▶ **Directions for this task**: Copy the following data exactly and drop the pictures.

▶ **Supplied data**:
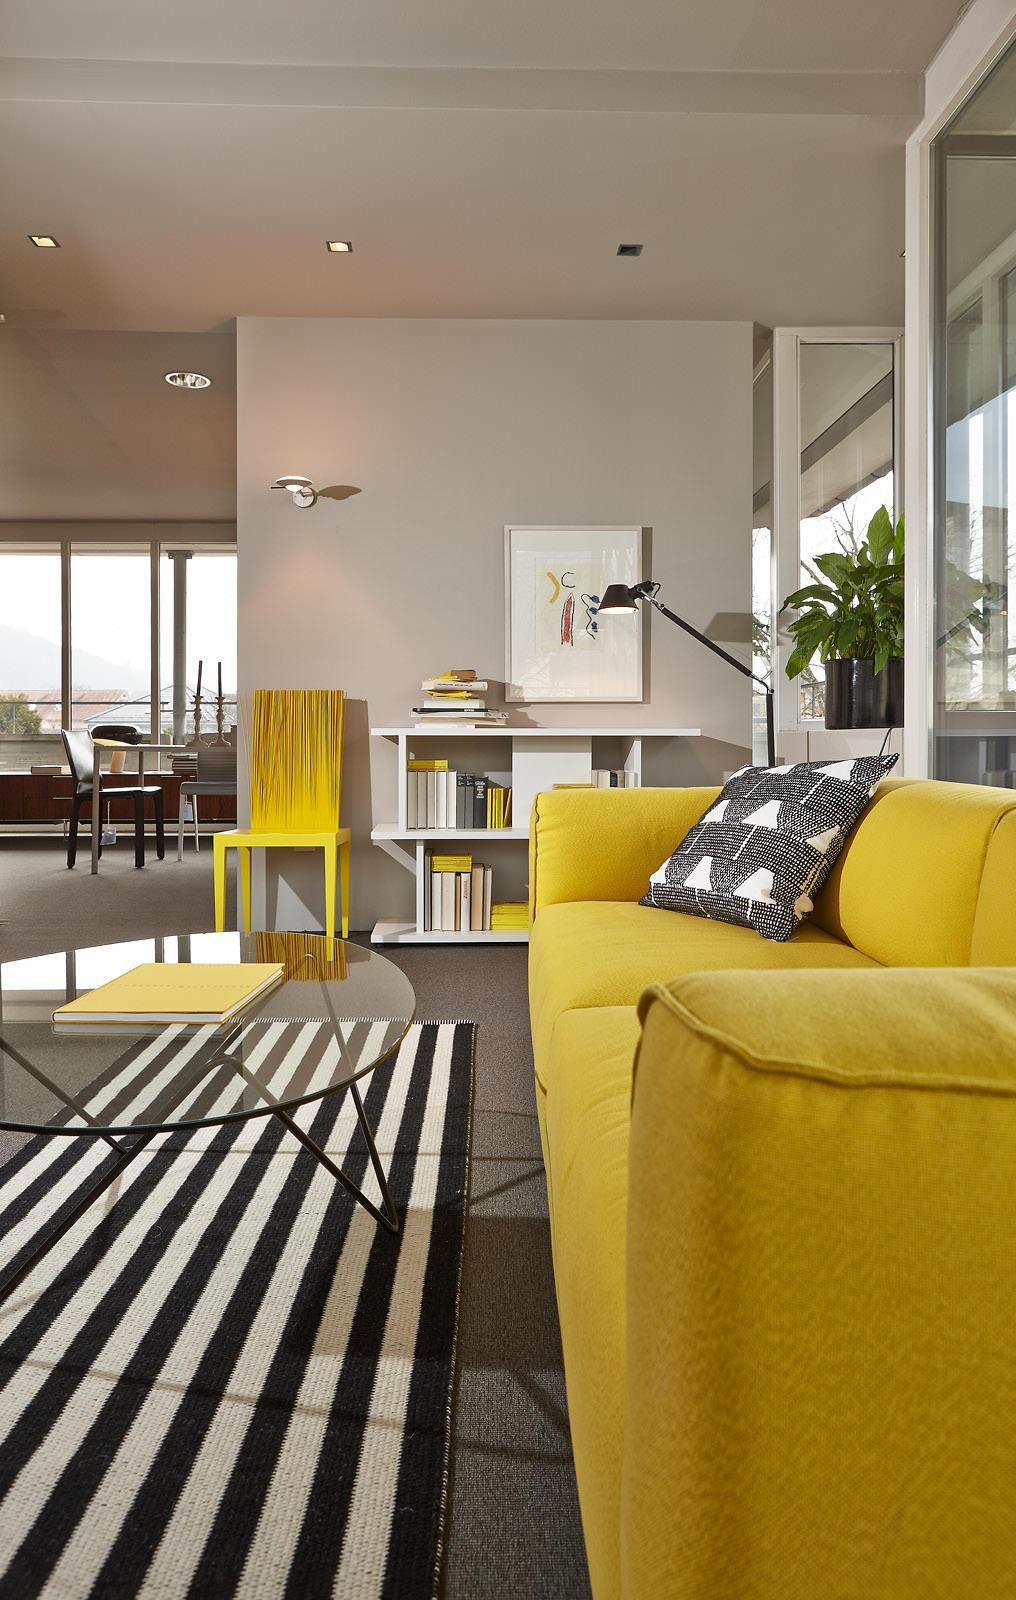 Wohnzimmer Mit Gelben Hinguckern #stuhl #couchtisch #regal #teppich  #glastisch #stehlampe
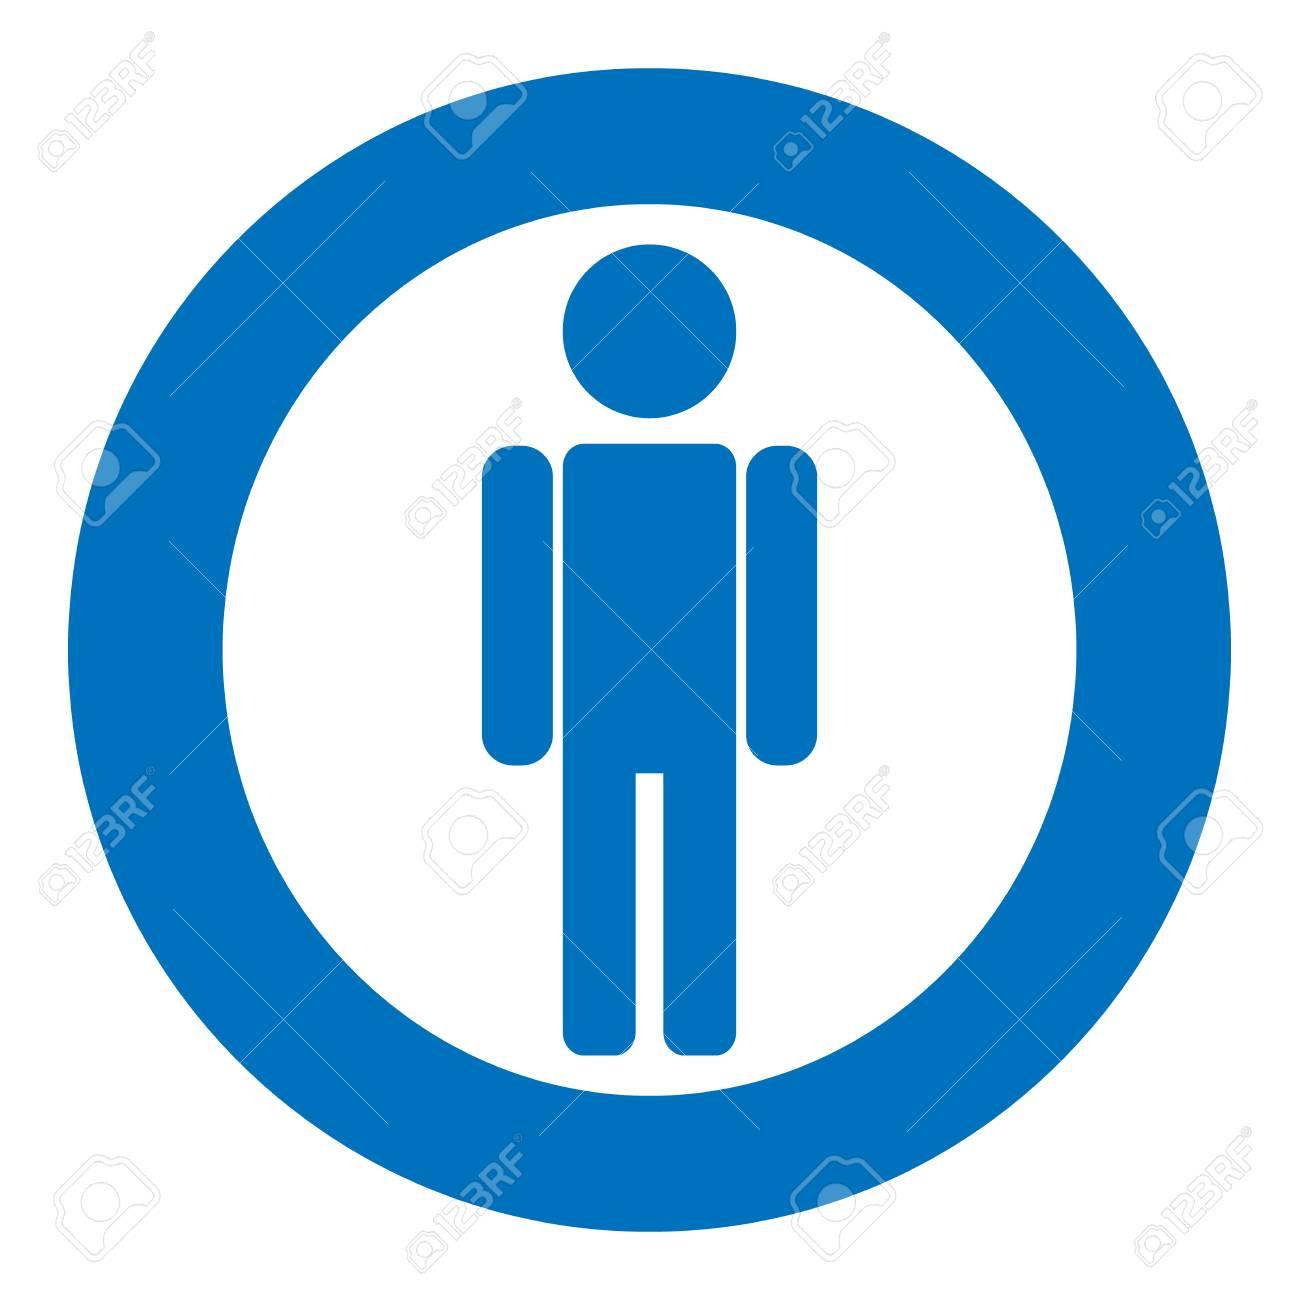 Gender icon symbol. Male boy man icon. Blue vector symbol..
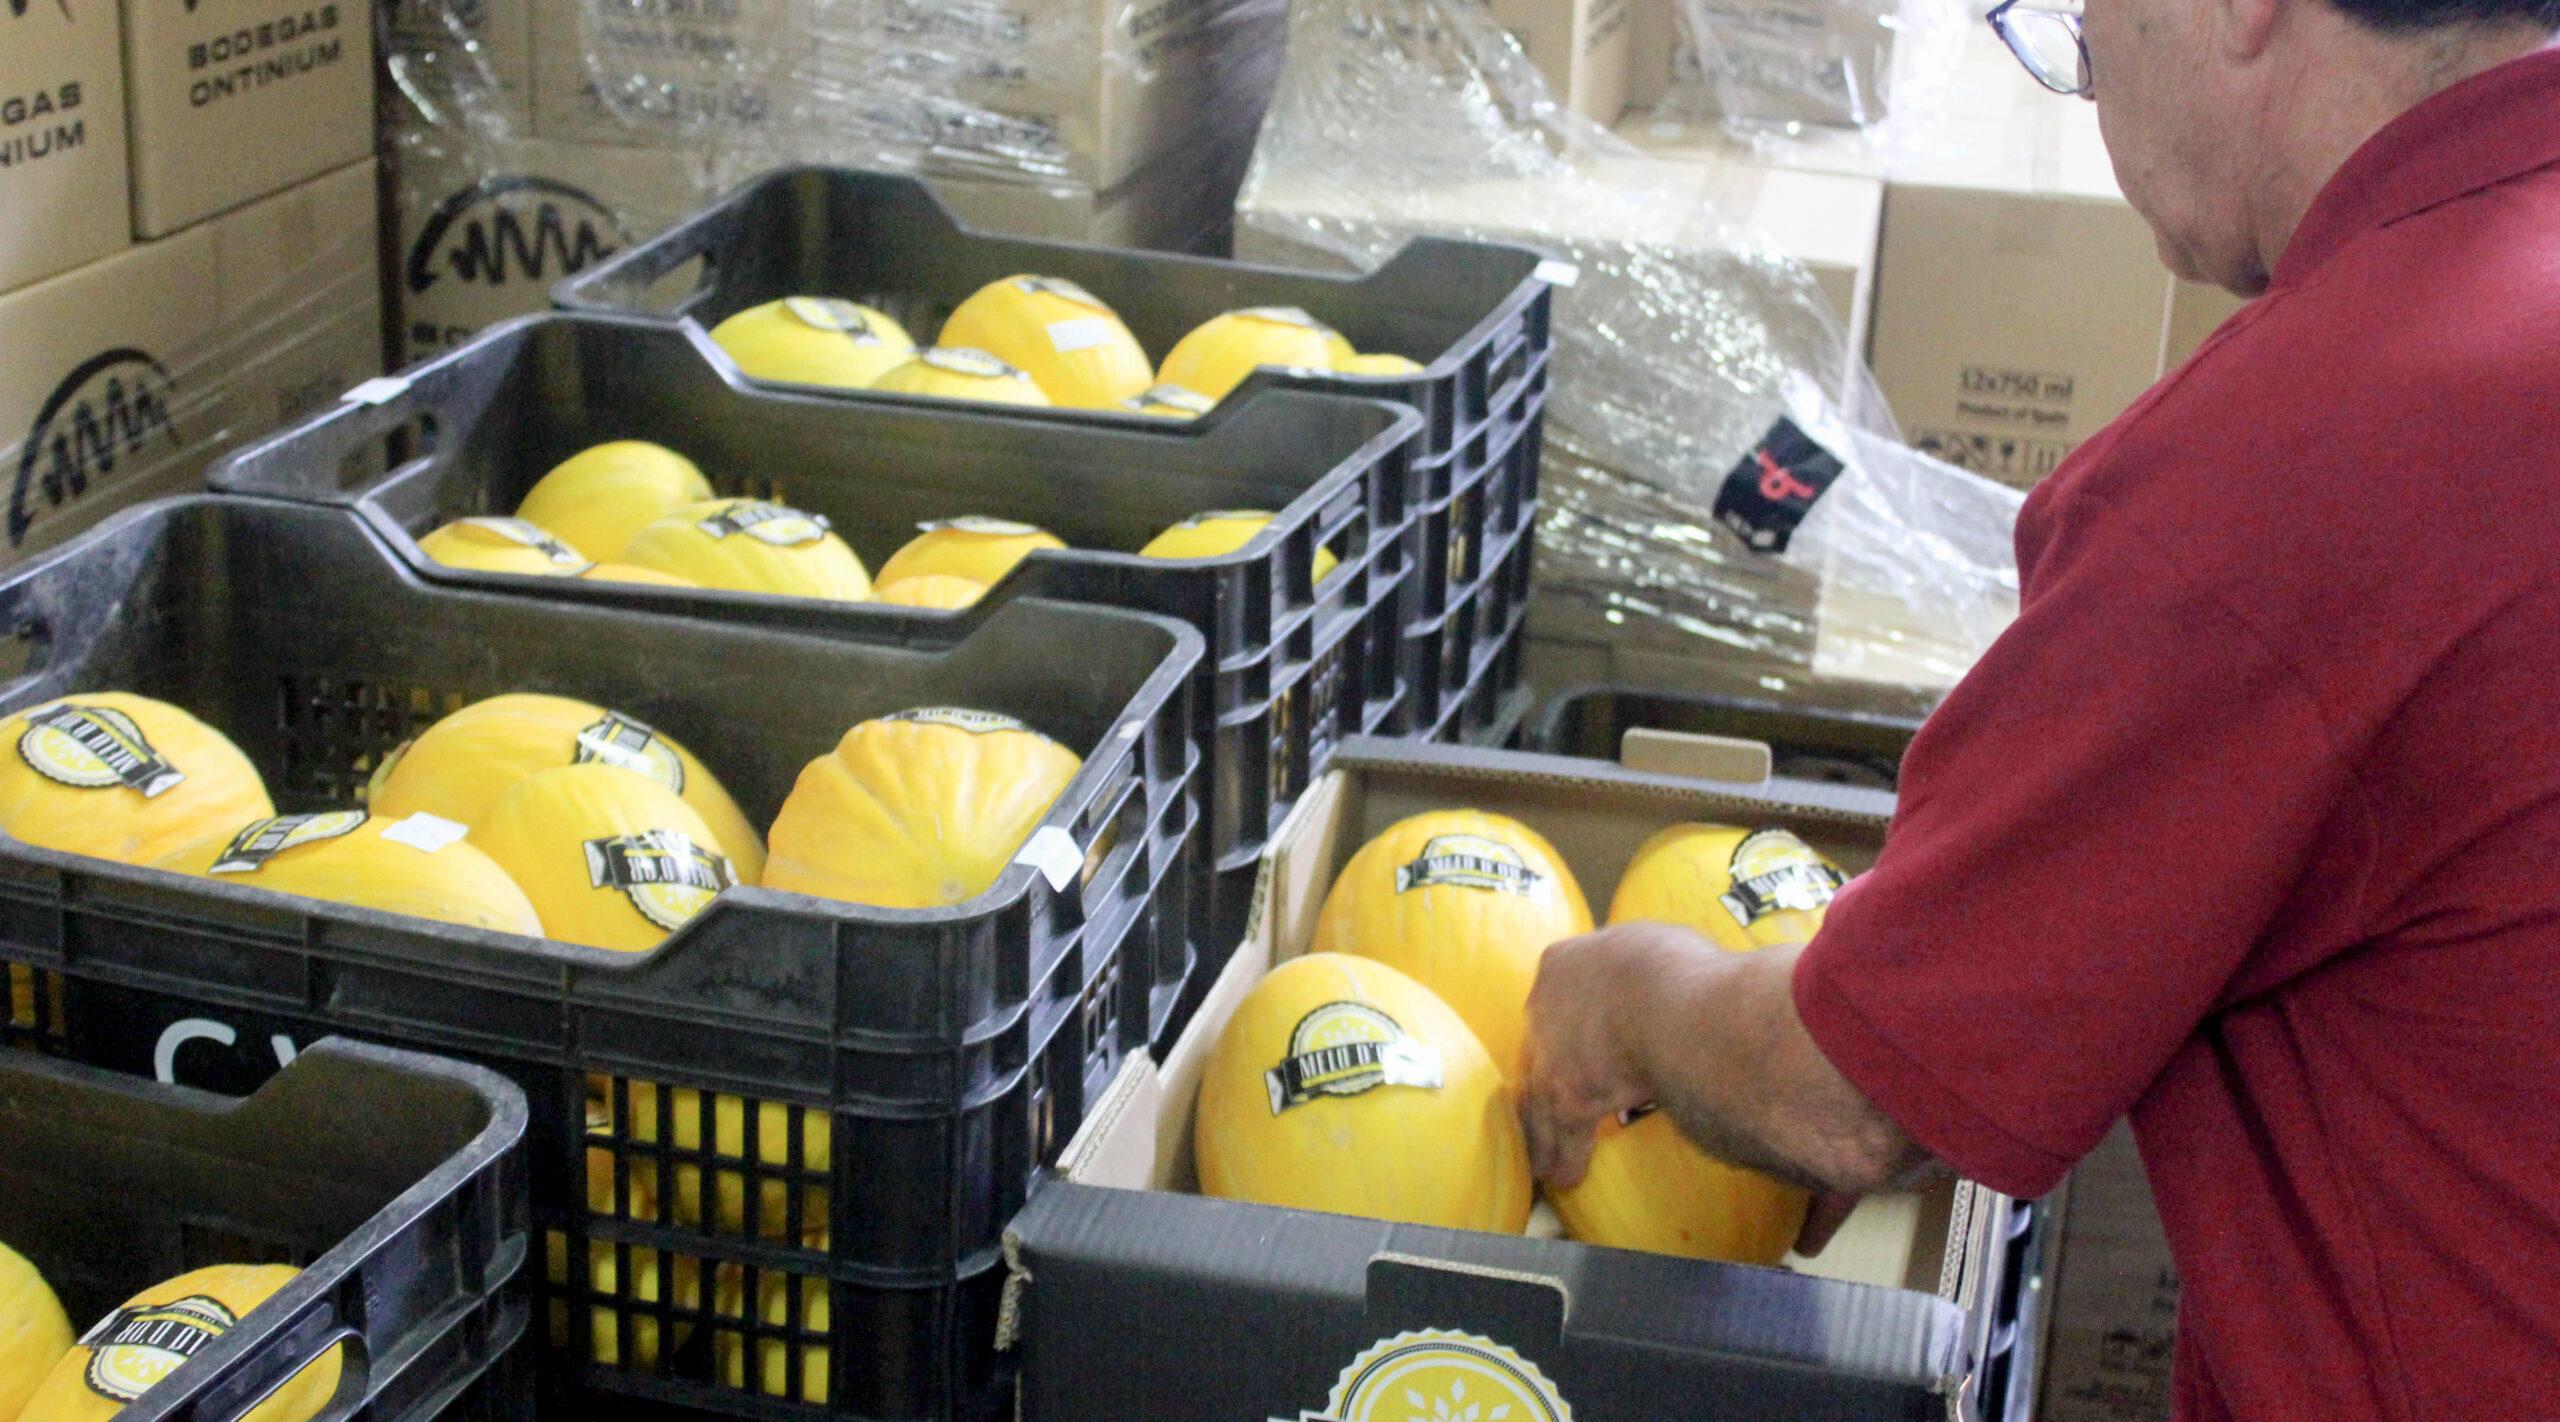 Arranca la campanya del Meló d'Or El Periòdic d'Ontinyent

▶ **Solution to the exercise**:
 Wohnzimmer Mit Gelben Hinguckern #stuhl #couchtisch #regal #teppich  #glastisch #stehlampe
 Gender icon symbol. Male boy man icon. Blue vector symbol..
 Arranca la campanya del Meló d'Or El Periòdic d'Ontinyent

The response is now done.